In [None]:
from pathlib import Path
import re
import json
import itertools
from collections import Counter
import requests

import pypandoc
import spacy
from wordcloud import WordCloud
import matplotlib.pyplot as plt
import seaborn as sns
import pandas as pd
from tqdm import tqdm
from bs4 import BeautifulSoup
%matplotlib inline

In [None]:
def load_txt_competence_profile(file_path: Path) -> str:
    with file_path.open('r') as file_handle:
        return file_handle.readlines()

# Preparation
## Download the competence profiles and peer information
- Download and extract the folder of competence profiles from gDrive, rename it to "competence_profiles" and put it at a place of your choice.
- Adjust `COMPETENCE_PROFILES_DICT_PATH` to point to this folder.
- Go to prisma, open F12, hit `peers`, open the `graphql` response and paste the json into a file in this folder and give it the name `prisma_peers_graphql.json` as the constant `PRISMA_PEERS_JSON_RESPONSE_FILE_PATH` below.

## Configuration

In [None]:
COMPETENCE_PROFILES_DICT_PATH = Path('/Users/matt/competence_profiles')
PRISMA_PEERS_JSON_RESPONSE_FILE_PATH = Path('prisma_peers_graphql.json')
HARCODED_FILTER_WORDS = ['architektur', 'technologien', 'f', '.']

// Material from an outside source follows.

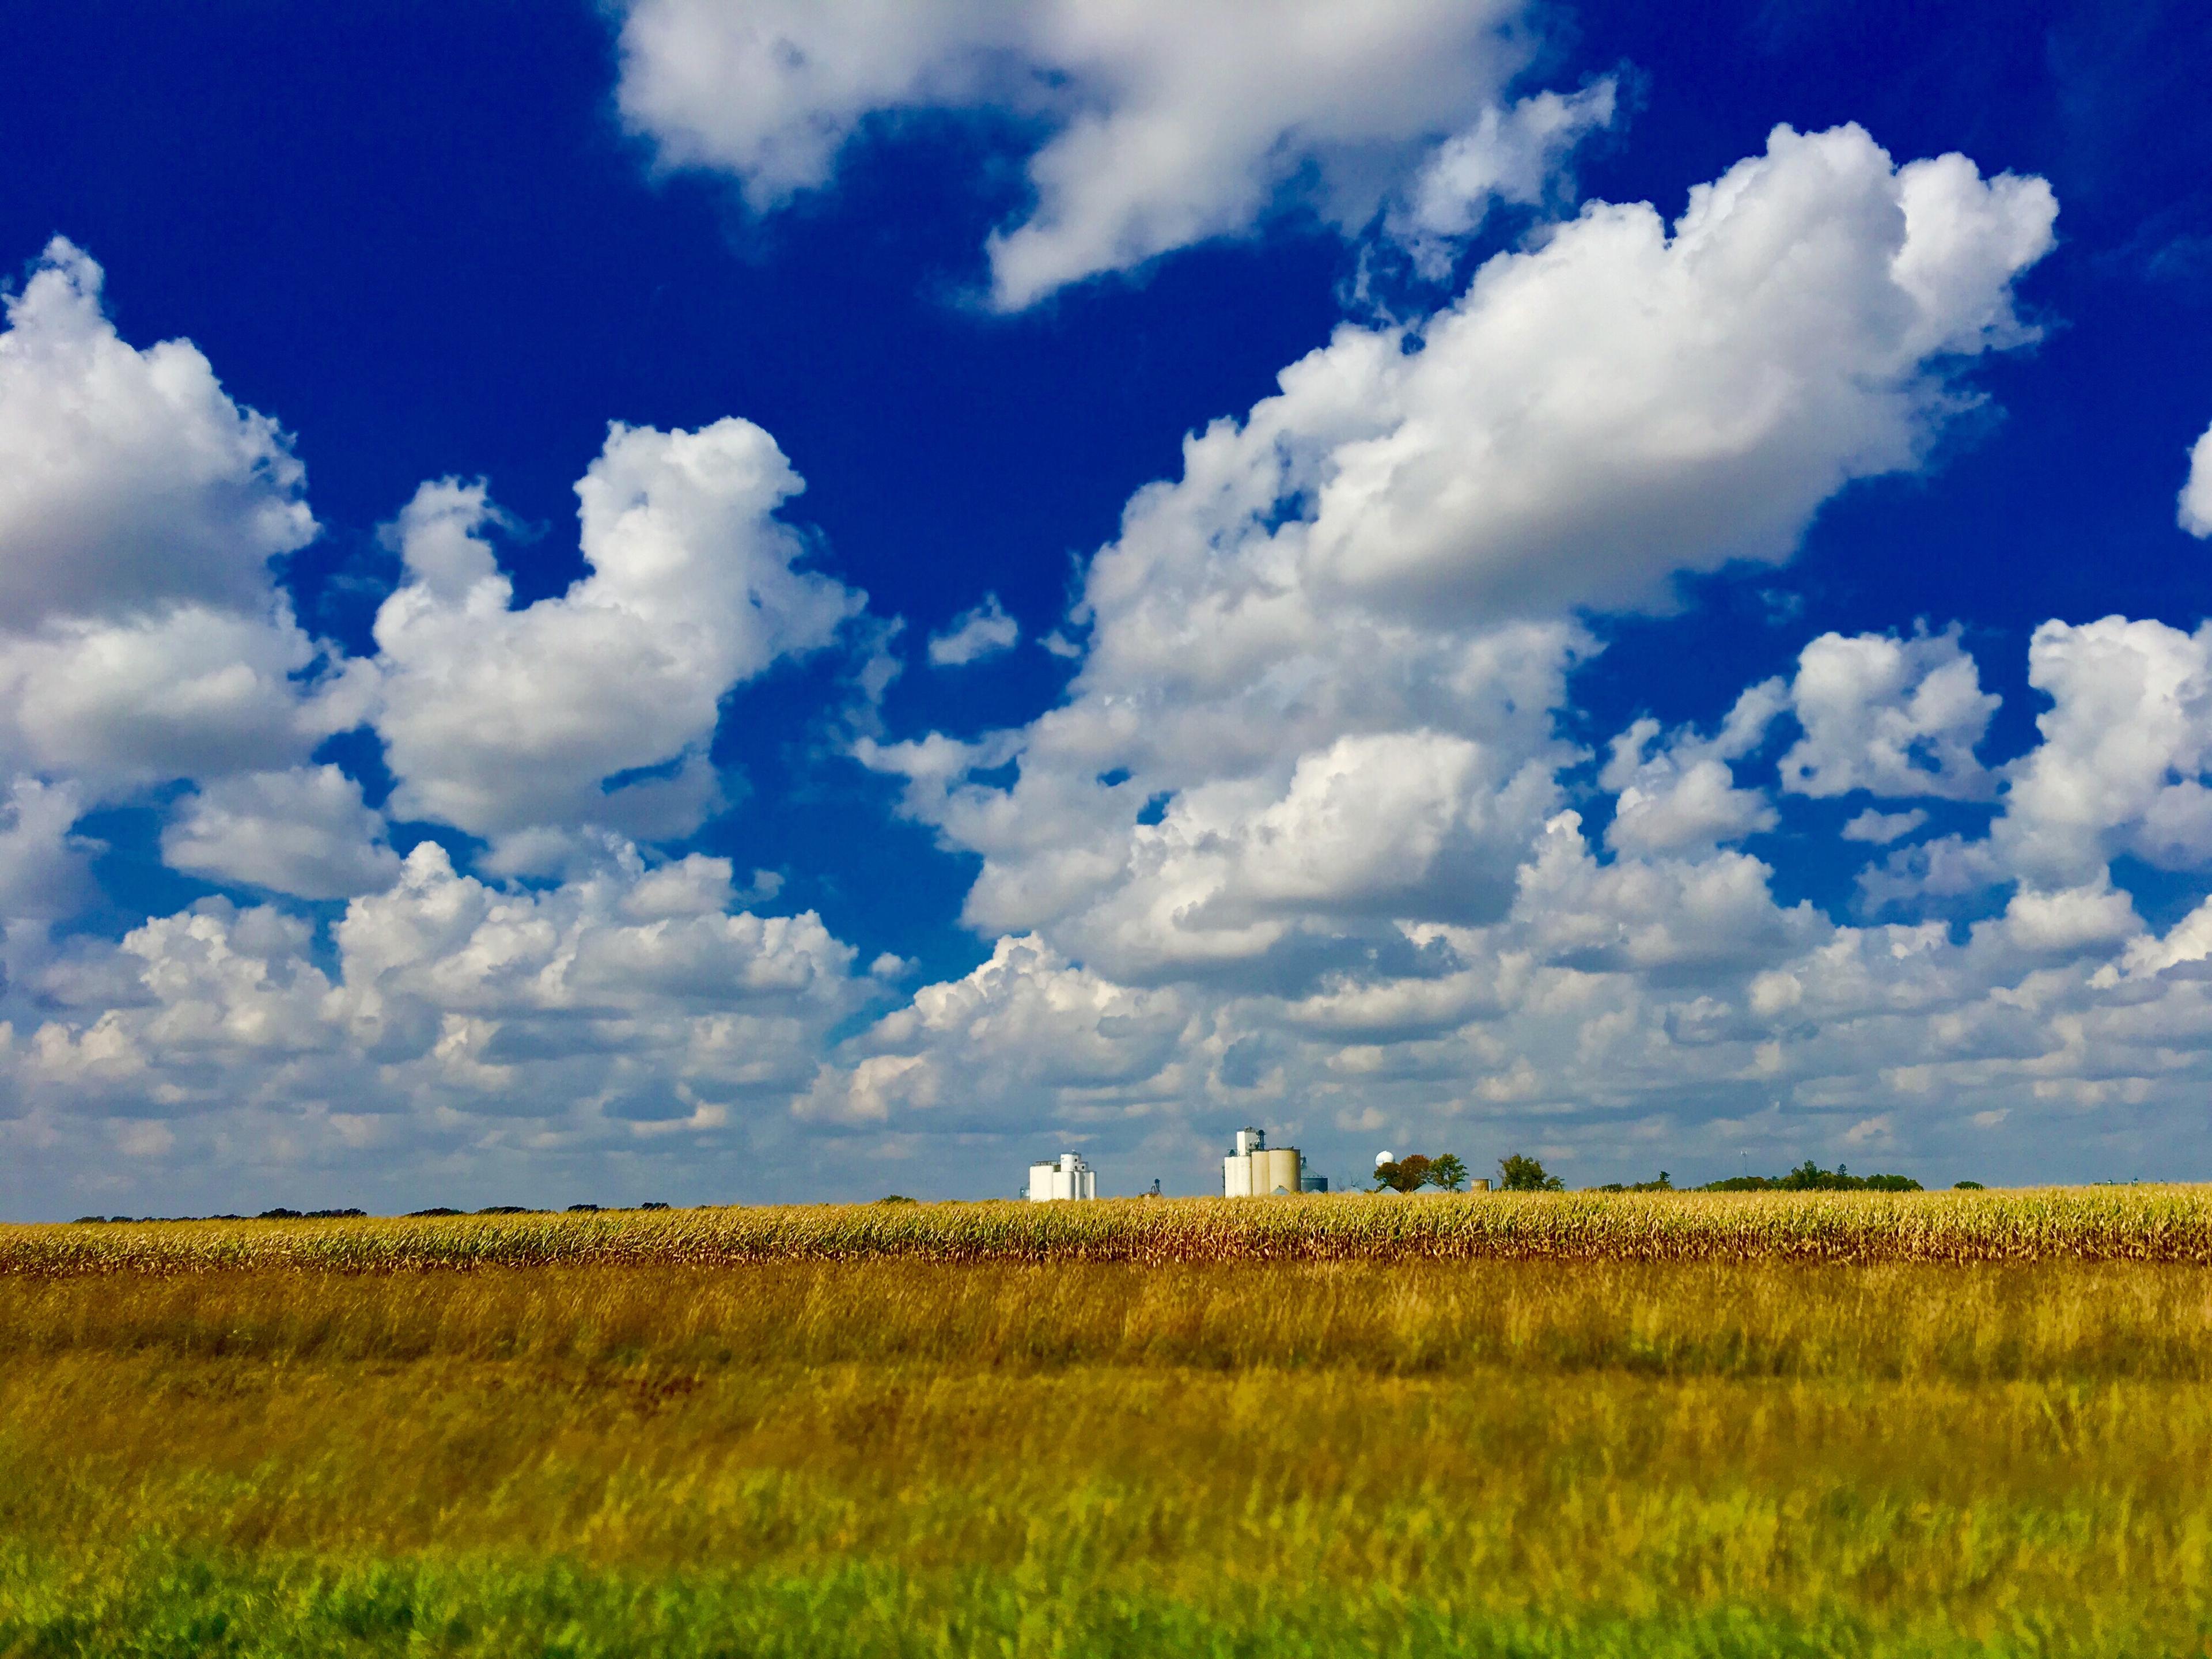 Farmland with blue cloudy skies in Iowa

# Data Extraction and Filtering

In [None]:
def get_all_short_names_of_files(path_to_folder: Path) -> list[str]:
    """Given all the competence profile files at the path_to_folder location, extract all ipt short names from it."""
    file_paths = path_to_folder.glob('Competence Profile_???.docx')
    
    def extract_shortname_from_file_name(file_name: str) -> str:
        return file_name.split('_')[1].split('.')[0]
    
    short_names = [extract_shortname_from_file_name(path.name) for path in file_paths]
    print(f'Found {len(short_names)} competence profiles under {path_to_folder}')
    return list(short_names)

def convert_competence_profile_to_plain_text(competence_profile_file_path: Path) -> str:
    """This will convert a .docx competence profile to simple text and removes weird characters originating from tables."""
    
    txt = pypandoc.convert_file(str(competence_profile_file_path), 'org')
    txt = txt.split('\n', 1)[1]  # remove first line (comes from profile image)
    
    # The following filters are necessary since there are a lot of weird symbols due to the tables in the word document in the text.
    txt = txt.replace('|', ' ')
    txt = txt.replace('-', ' ')
    txt = txt.replace('=', ' ')
    txt = txt.replace('+', ' ')
    txt = txt.replace('*', ' ')
    txt = txt.replace('/', ' ')
    txt = txt.replace('# begin_quote', ' ')
    txt = txt.replace('# end_quote', ' ')
    txt = txt.replace('\n', ' ')
    txt = txt.strip()
    return txt
    
def extract_all_words(competence_profile_plain_txt: str) -> list[str]:
    """"Given plain text, extract all the words contained in this unstructured text."""
    
    regex_pattern = r"\(\d\s+('?\w+)"
    return re.findall("[a-zA-ZöäüÖÜÄ\-\.'/]+", competence_profile_plain_txt)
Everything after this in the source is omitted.